Finding cases considering legislation

  • CaseBase (Lexis Advance Pacific) - use the 'Act/Regulation' field to search for legislation judicially considered. Use the 'Provision' field to search for a legislative provision.  
  • FirstPoint (Westlaw AU) - use the ‘Legislation Cited (Title)' field and enter the name of the legislation as a phrase eg. “Trade Practices Act 1974".  Use the 'Legislation Cited (Provision)' field to search for a specific section of the legislation.
  • LawOne (TimeBase) - once you have found the legislation you are looking for cases on, select the 'Key info' box to the right of the screen.  Under the heading 'Related instruments' there is a link called 'Cases', click on this and a list of cases will appear which you can sort by year or court. You can also do this at a legislation provision level - at the provision level a box titled 'Cases' will appear next to the box 'Key info'.  
  • LawCite (AustLII) - use the field of the search form - enter the name of the legislation and the section if relevant. 
  • JADE - use the 'Citator' option, enter your search terms (legislation name and if relevant, the section) and press search. This will give you a list of cases that have cited the legislation you have searched for 

Finding journal articles discussing a case

We recommend:

The INFORMIT databases, particularly AGIS (law articles) and the HUMANITIES & SOCIAL SCIENCES COLLECTION (Melb Uni staff & students only).

  • Select the databases
  • Type the parties' names into the search box (eg: Koowarta v Bjelke-Petersen )
  • select Legal Cases (CASES) from the drop down Field menu

AustLII Journals (free)

  • Type the parties' names into the search box in this way: Koowarta  near  Bjelke-Petersen (using a 'v' between the party names will only find articles with the parties in the title - these will be highly relevant but you will miss other articles which discuss the case)
  • the most relevant articles will be listed first.
  • you can click on the context button to locate all references to the case in the article.

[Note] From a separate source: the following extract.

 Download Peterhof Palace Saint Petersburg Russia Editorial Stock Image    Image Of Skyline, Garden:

Finding subsequent consideration of a case

Case citators / noting up services will help you determine whether any later cases have considered your case and which earlier cases your case has considered.

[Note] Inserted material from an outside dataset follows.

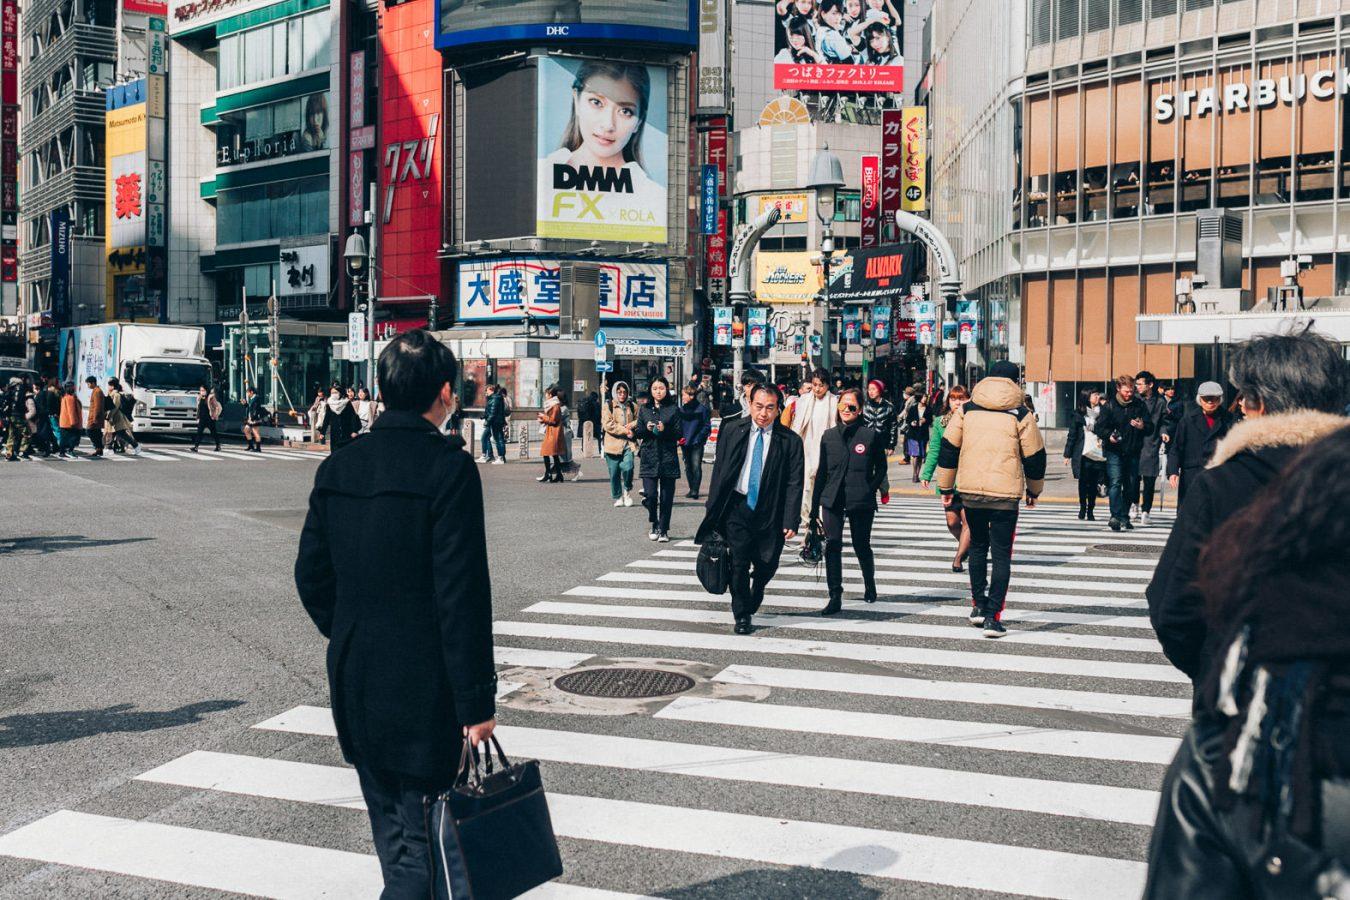 Zebrastreifen in Tokio

The citators listed below will all reveal slightly different results so to search comprehensively we recommend using all of them. 

Subscription citators 

The subscription services on WestlawAU and Lexis Advance Pacific have the distinct advantage of providing information on how your case has been treated in subsequent cases ie: whether it has been distinguished, followed, overruled etc.  

CaseBase (Lexis Advance Pacific)

FirstPoint (WestlawAU)

Free citators / noting up services 

AustLII Noteup - when you have located the case you are looking for, the Noteup feature searches for all materials which refer to the current case. This will display all other cases which refer to this case and pinpoints to the relevant paragraphs in the citing cases.

Jade's Case Trace is a citator feature that appears on the right of the page of every case in JADE - it includes links to the full text of cases your case has cited and to cases which have cited your case - and pinpoints the relevant paragraph in the citing cases.

Subsequent consideration of Australian cases in worldwide cases 

LawCite - is an automatically generated global case citator, which gathers information from all the 'LIIs" worldwide, so that you see where your case is cited in cases in other jurisdictions. It also lists free and subscription journal articles and law reform reports which discuss your case, and legislation which is cited in your case. Cases found in AustLII all have LawCite link beside the case which links straight to the LawCite record.

Finding the litigation history of a case

  1. Use FirstPoint to locate the record for your case.
  2. Refer to the part of the record called ‘Litigation history' to find earlier and related proceedings.